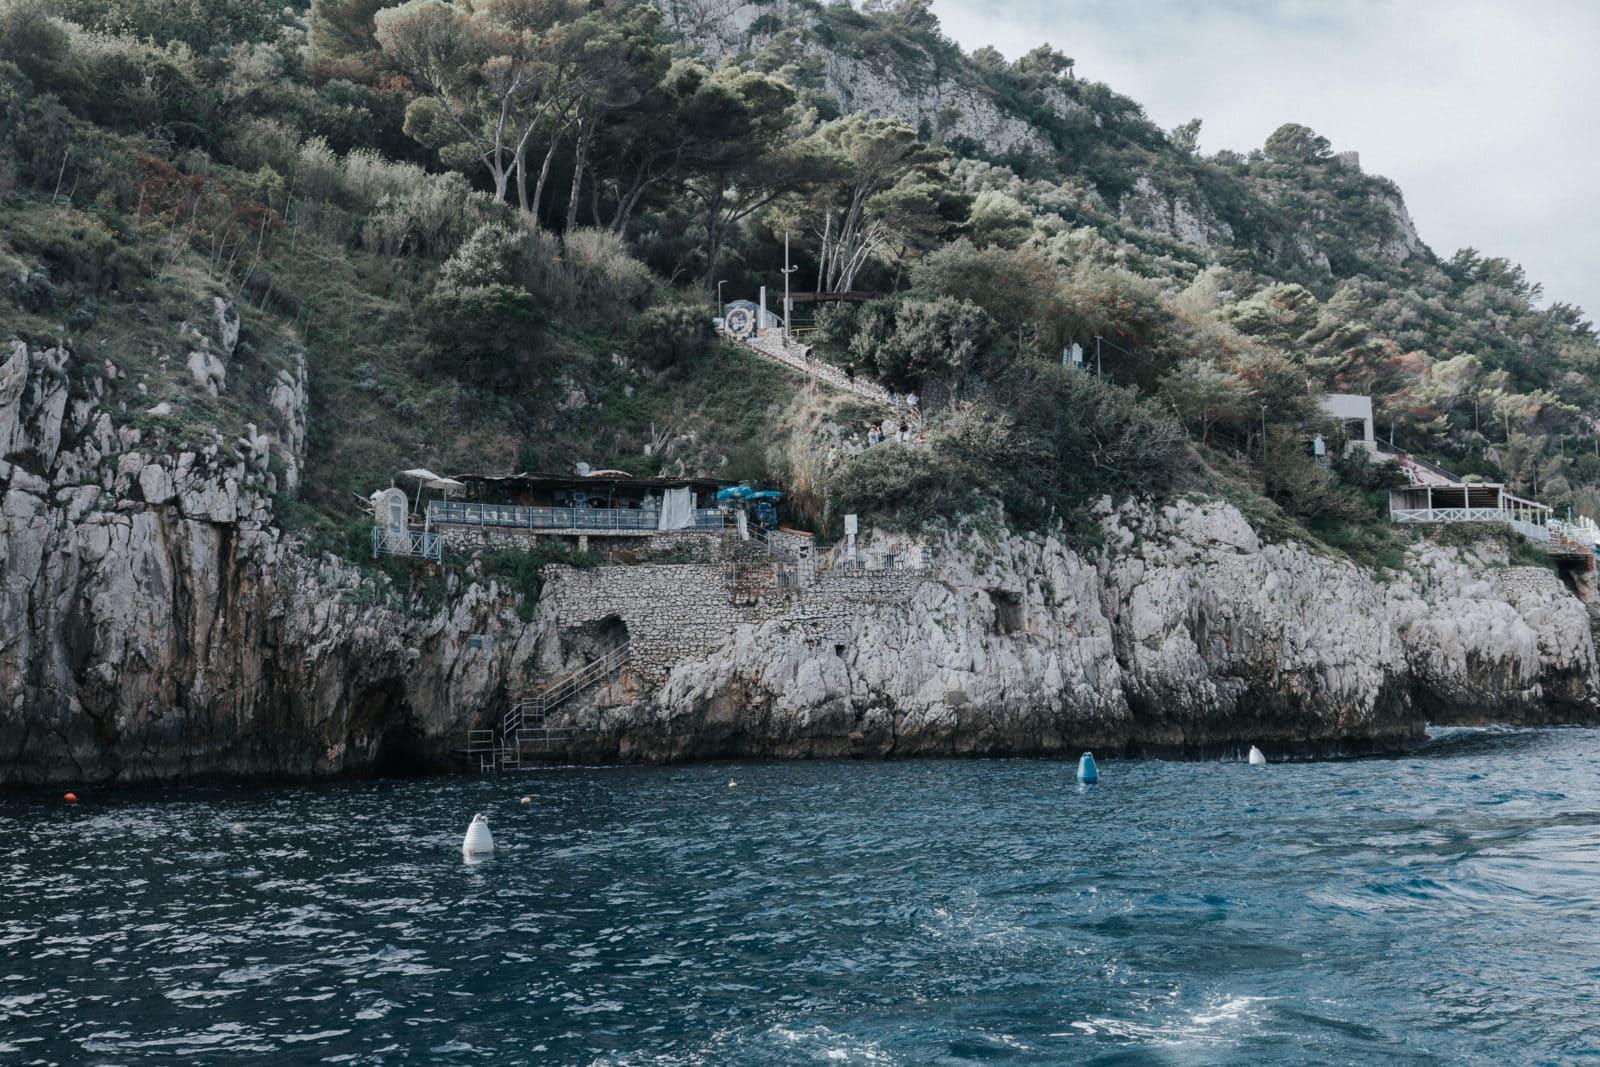 Blaue Grotte Capri Sehenswürdigkeiten Eingang
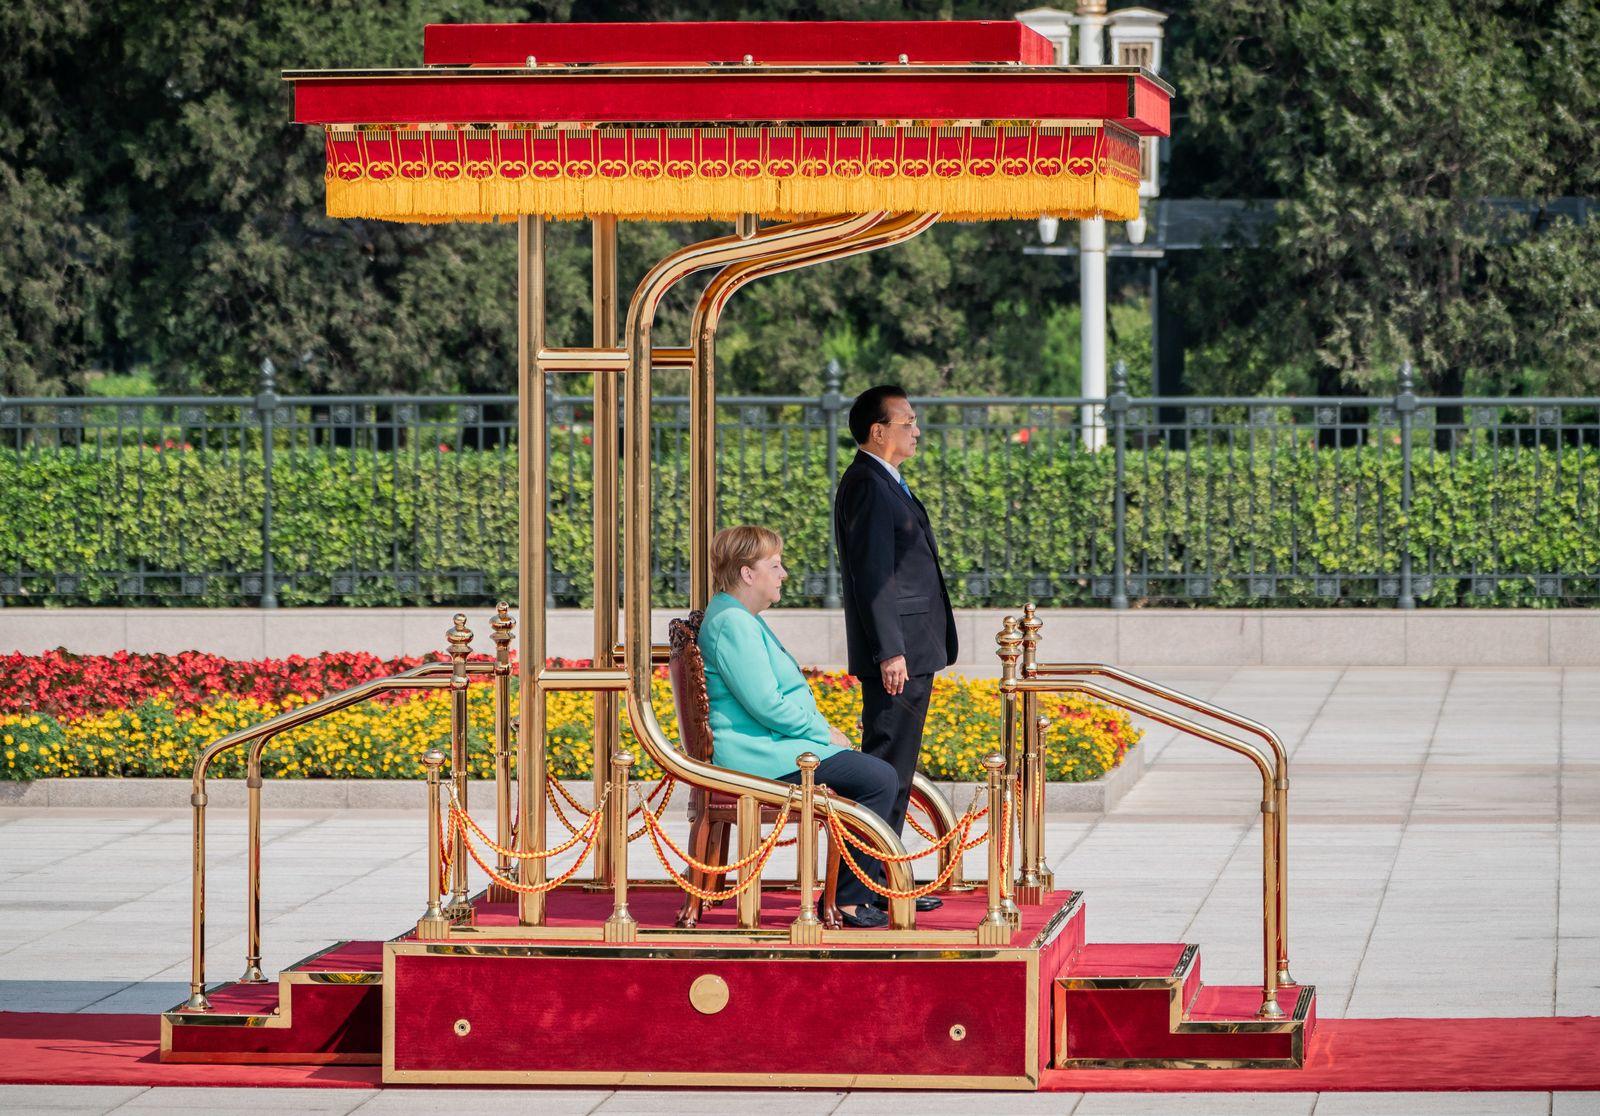 Bundeskanzlerin Angela Merkel in China
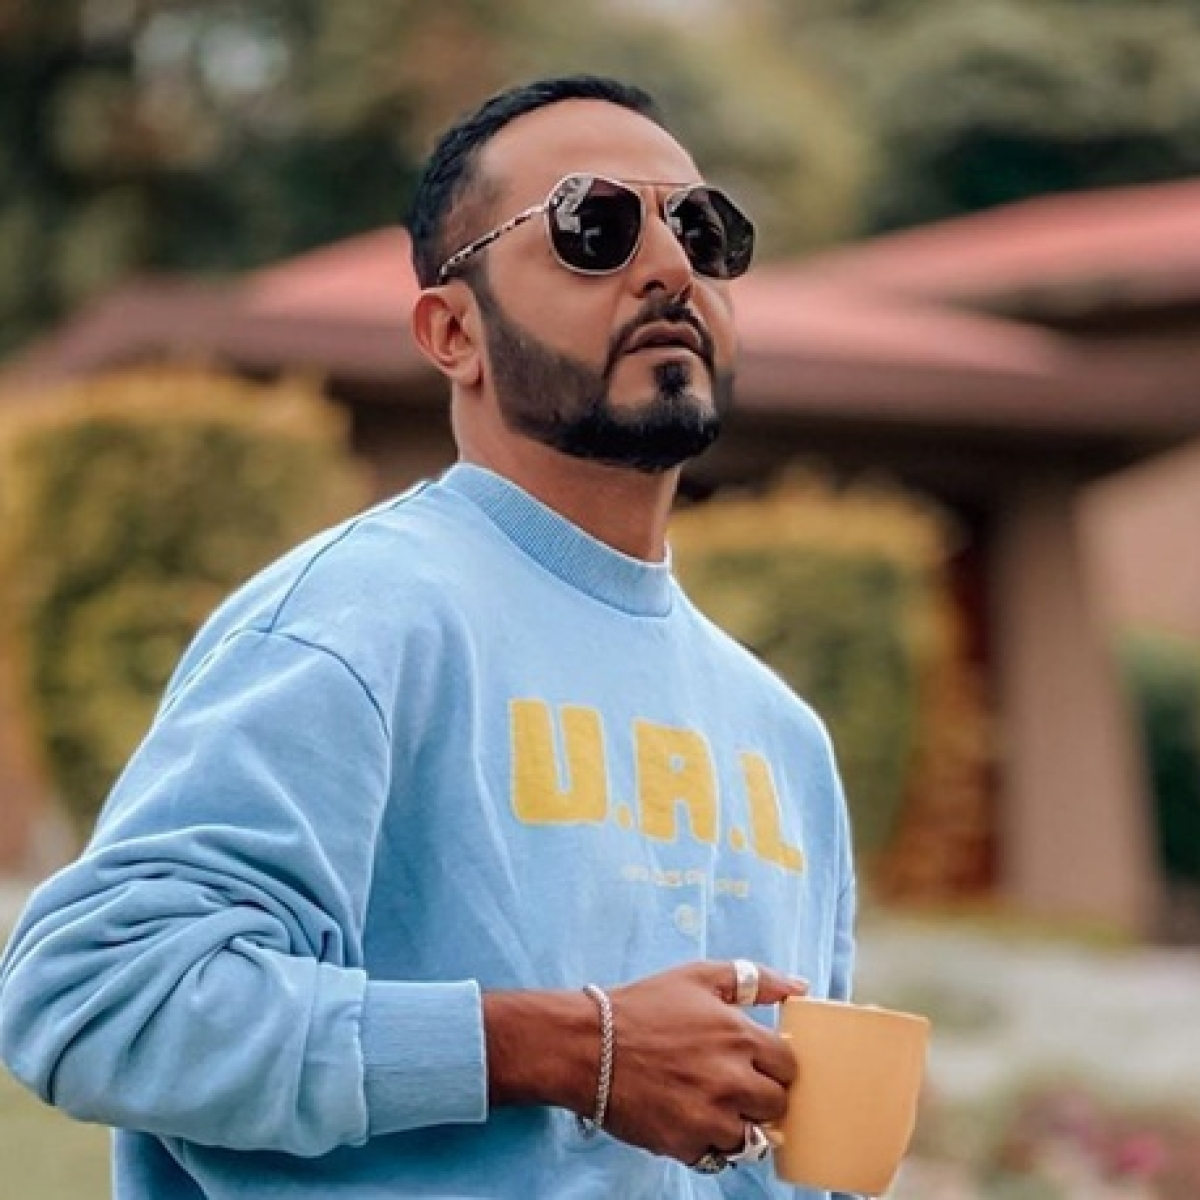 #BoyCottRoadies: After Neha Dhupia, Nikhil Chinapa's video calling 'MTV Roadies' contestant 'mot****' goes viral

----

*Requirement:* Output the material word for word, omitting its pictures.

*Answer space:*
 Blaue Grotte Capri Sehenswürdigkeiten Eingang
 Bundeskanzlerin Angela Merkel in China
 #BoyCottRoadies: After Neha Dhupia, Nikhil Chinapa's video calling 'MTV Roadies' contestant 'mot****' goes viral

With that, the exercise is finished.